__Action item__:
The entries are to be printed again word for word, but no picture may appear.
(Beginning of Given records)
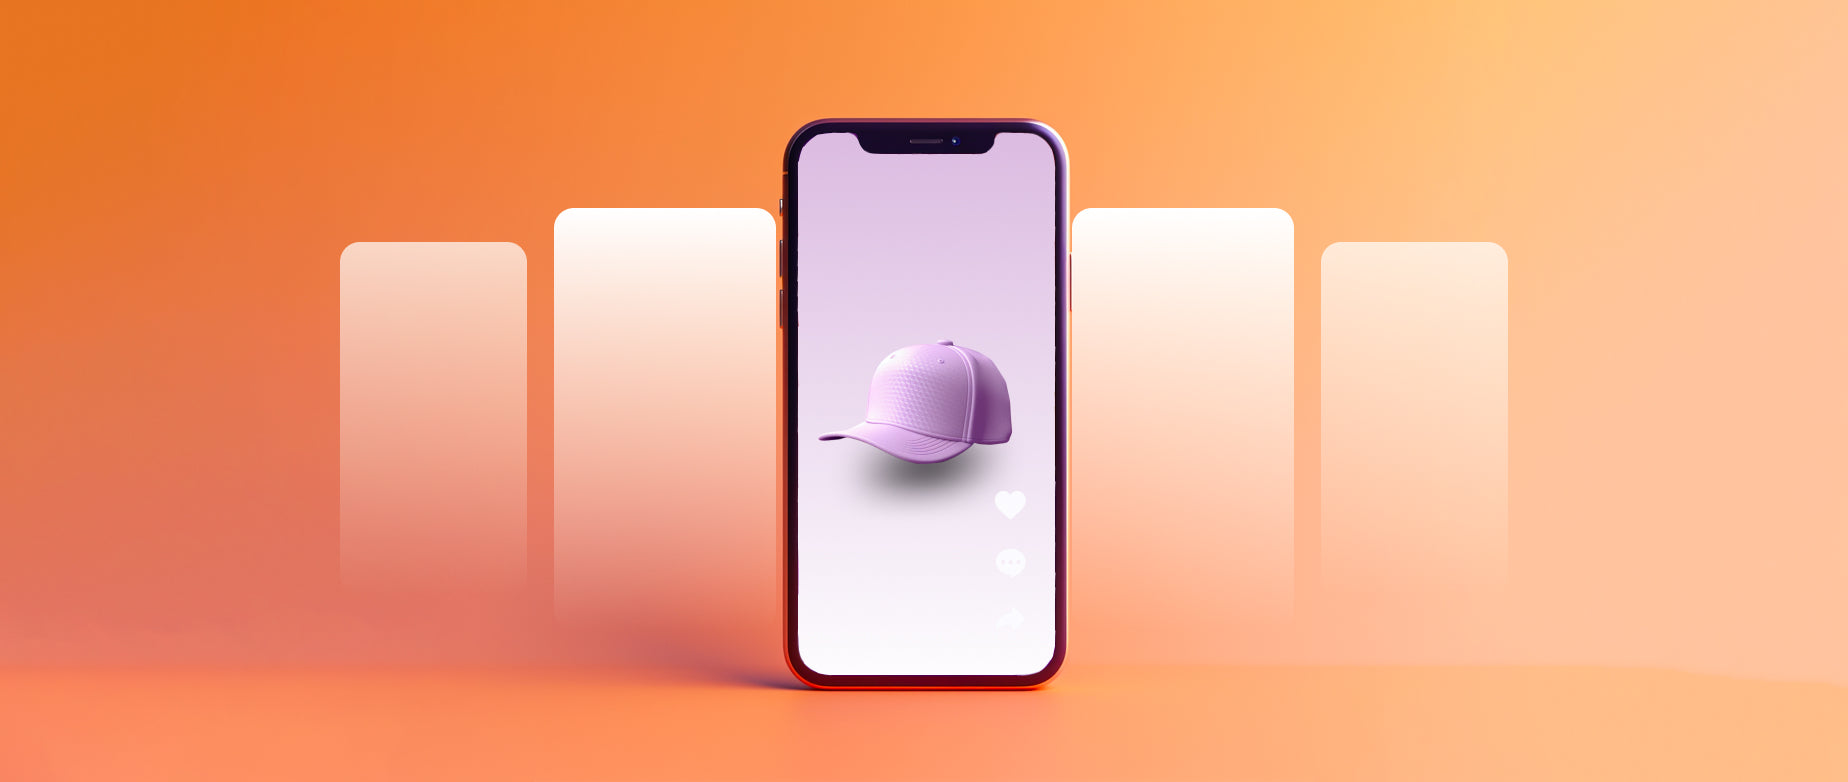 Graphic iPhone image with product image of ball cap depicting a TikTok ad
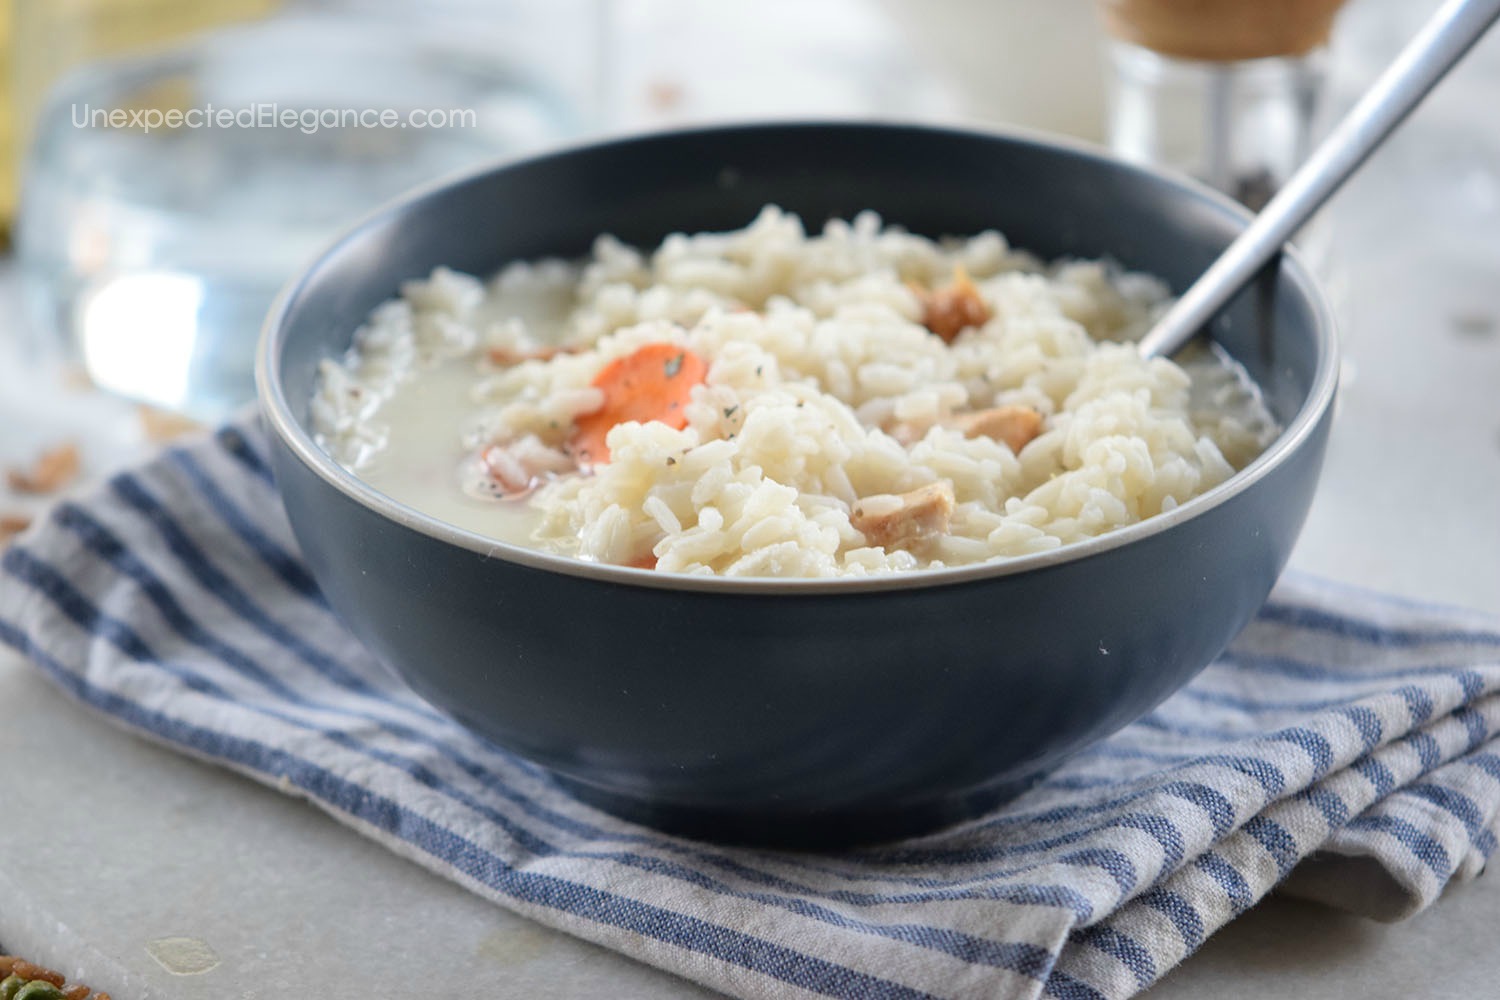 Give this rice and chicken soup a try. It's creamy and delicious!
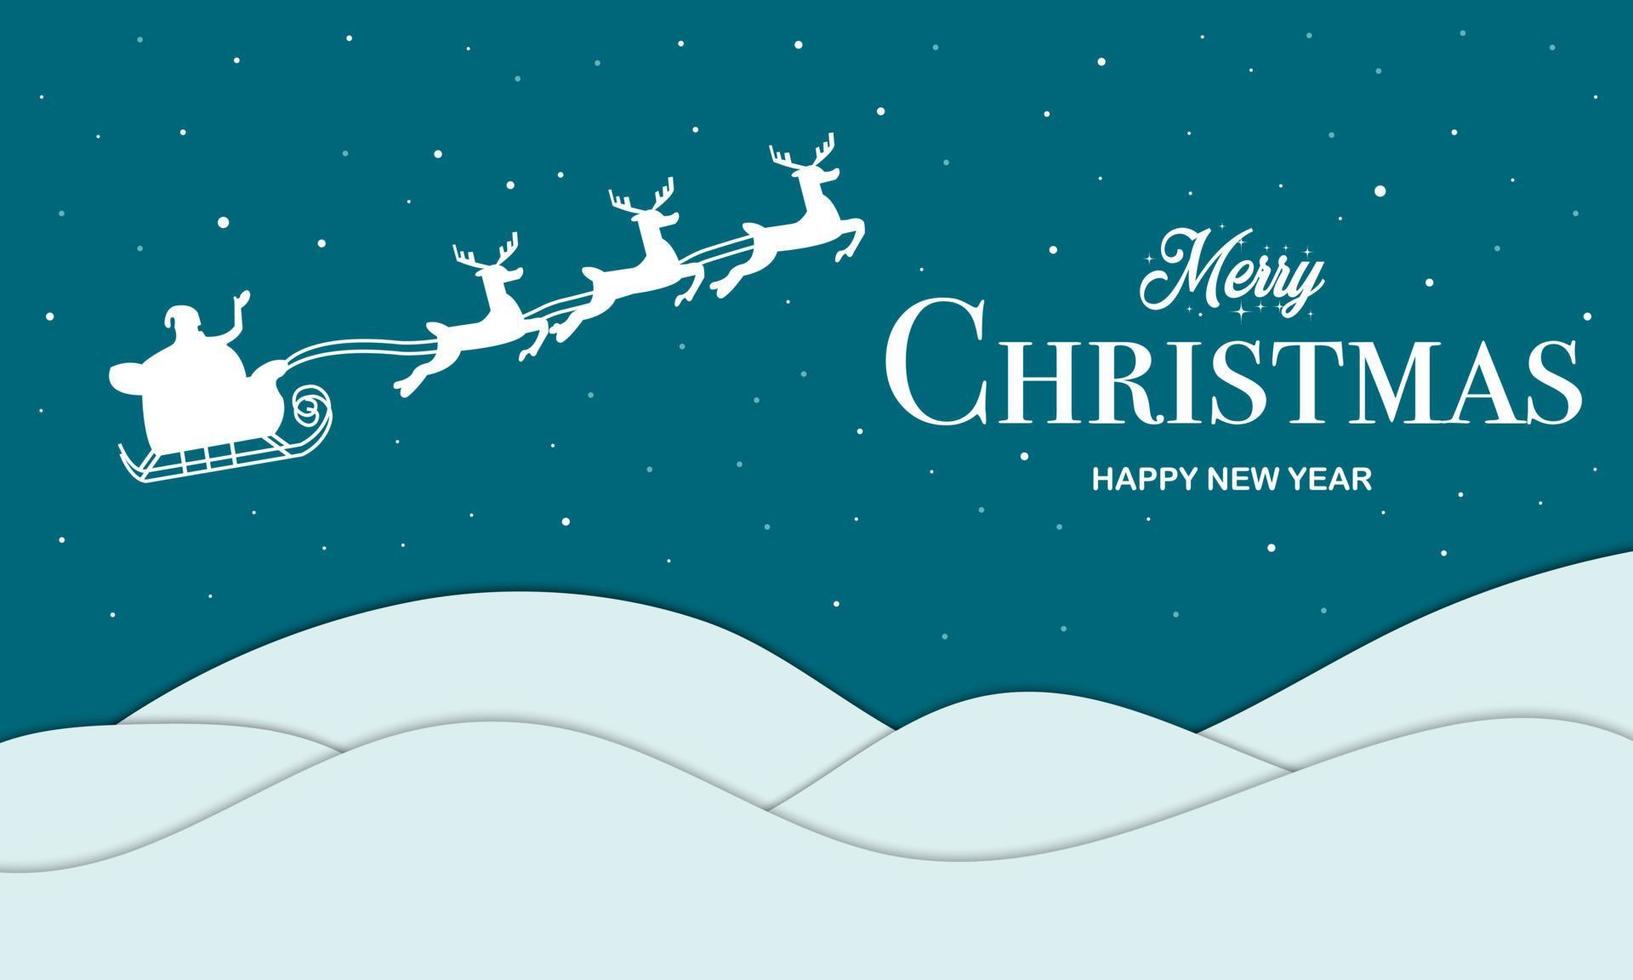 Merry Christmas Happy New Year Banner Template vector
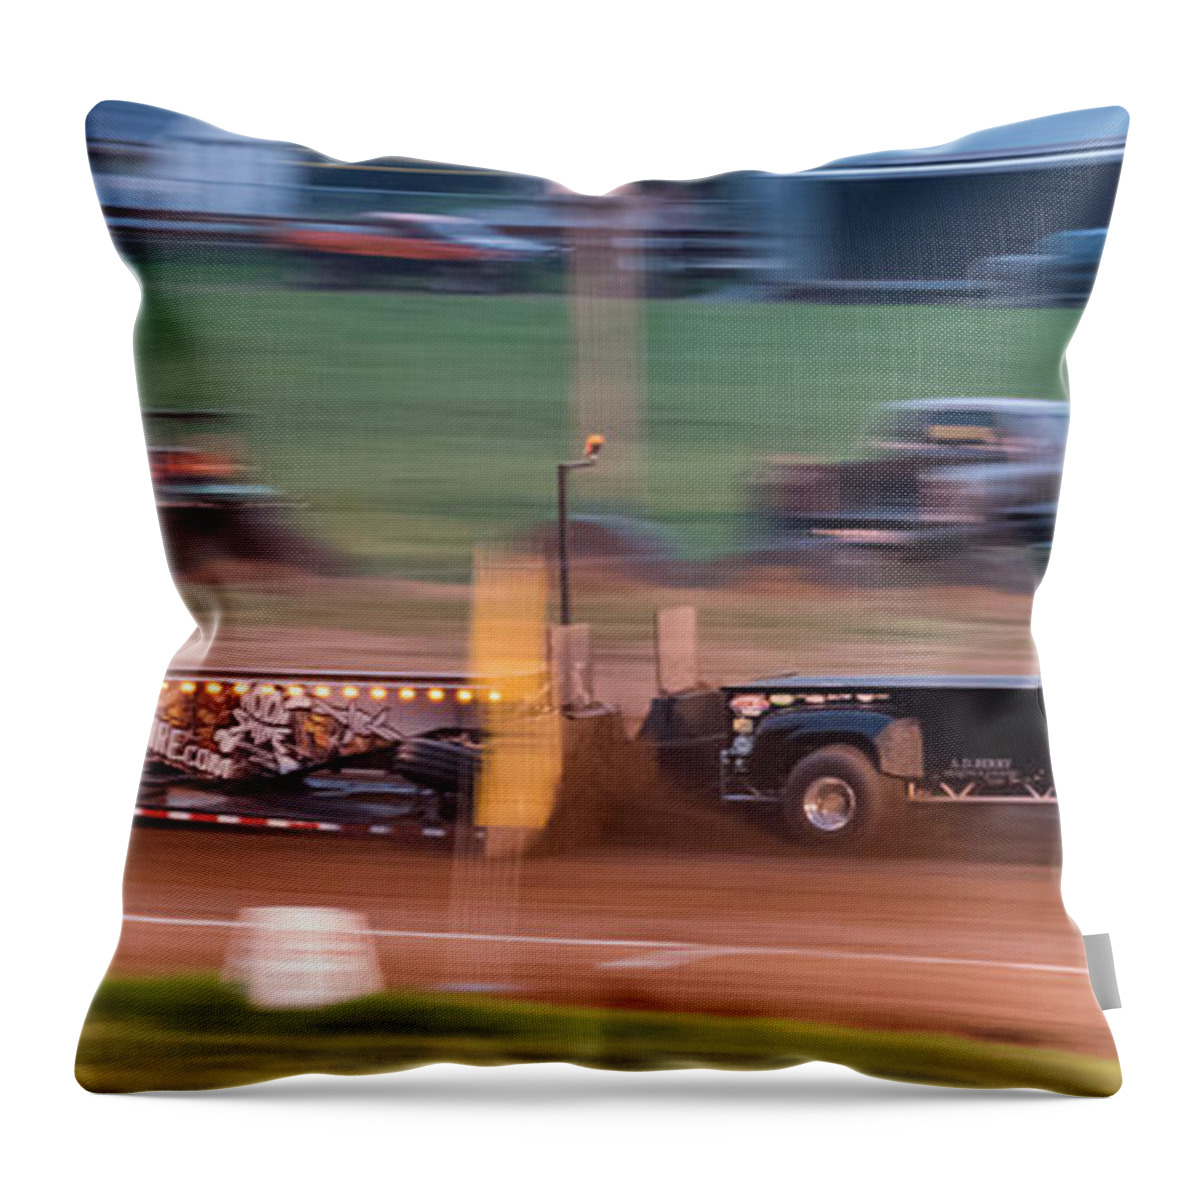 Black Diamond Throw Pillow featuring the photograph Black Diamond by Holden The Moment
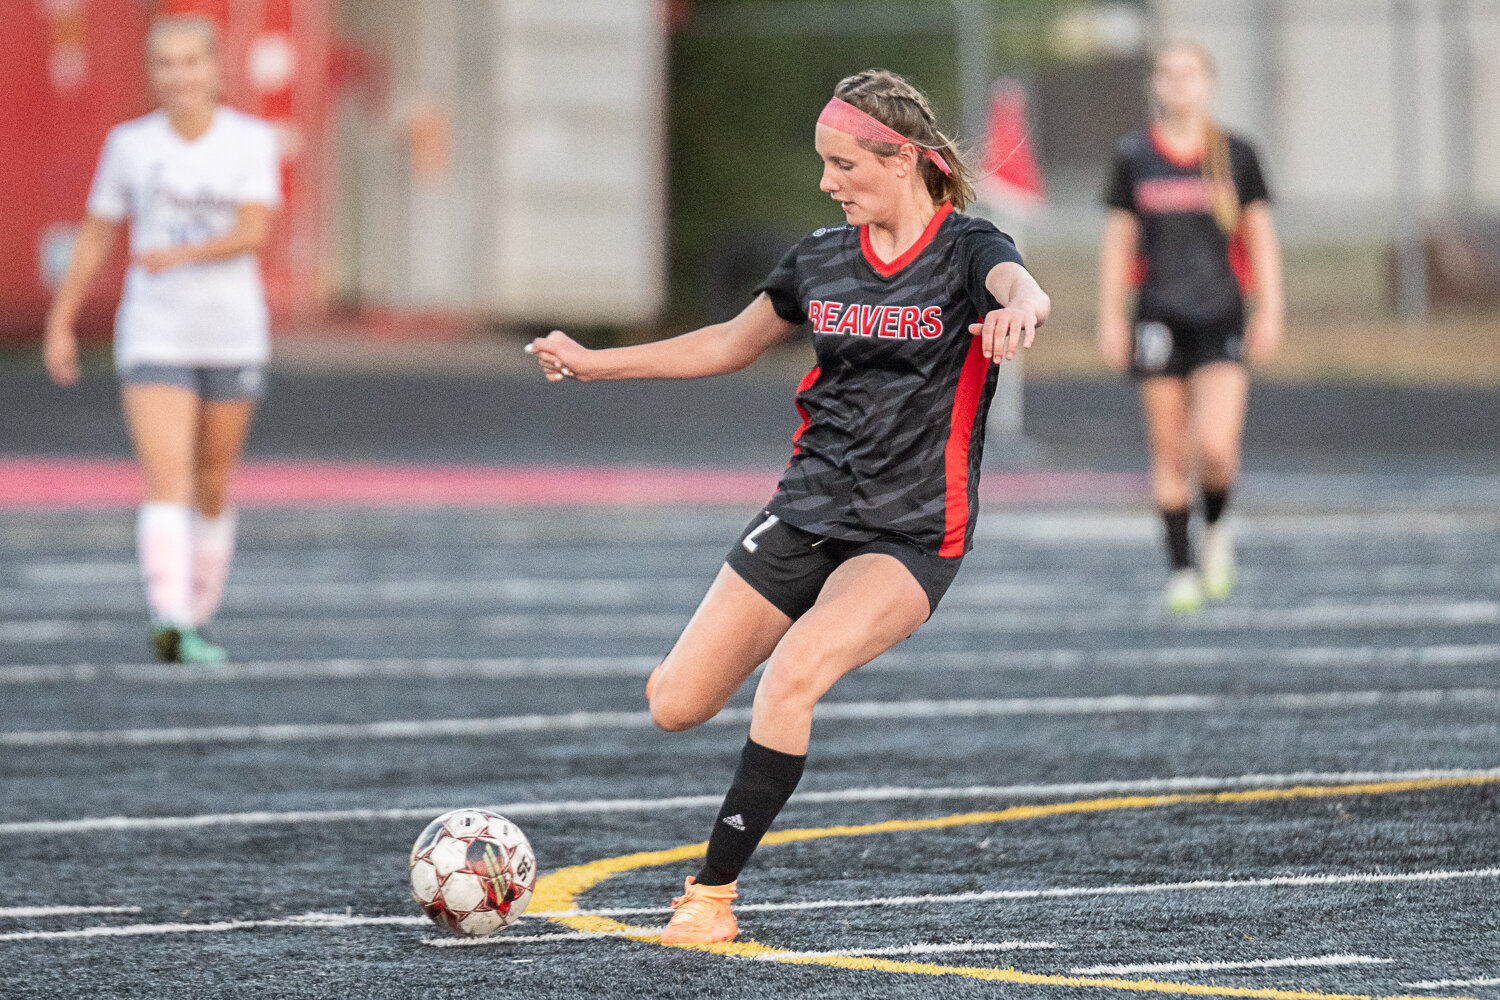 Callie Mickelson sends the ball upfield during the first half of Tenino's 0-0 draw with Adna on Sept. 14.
(End of Given records)
__Expected answer__:
 Graphic iPhone image with product image of ball cap depicting a TikTok ad
 Give this rice and chicken soup a try. It's creamy and delicious!
 Merry Christmas Happy New Year Banner Template vector
 Black Diamond Throw Pillow featuring the photograph Black Diamond by Holden The Moment
 Callie Mickelson sends the ball upfield during the first half of Tenino's 0-0 draw with Adna on Sept. 14.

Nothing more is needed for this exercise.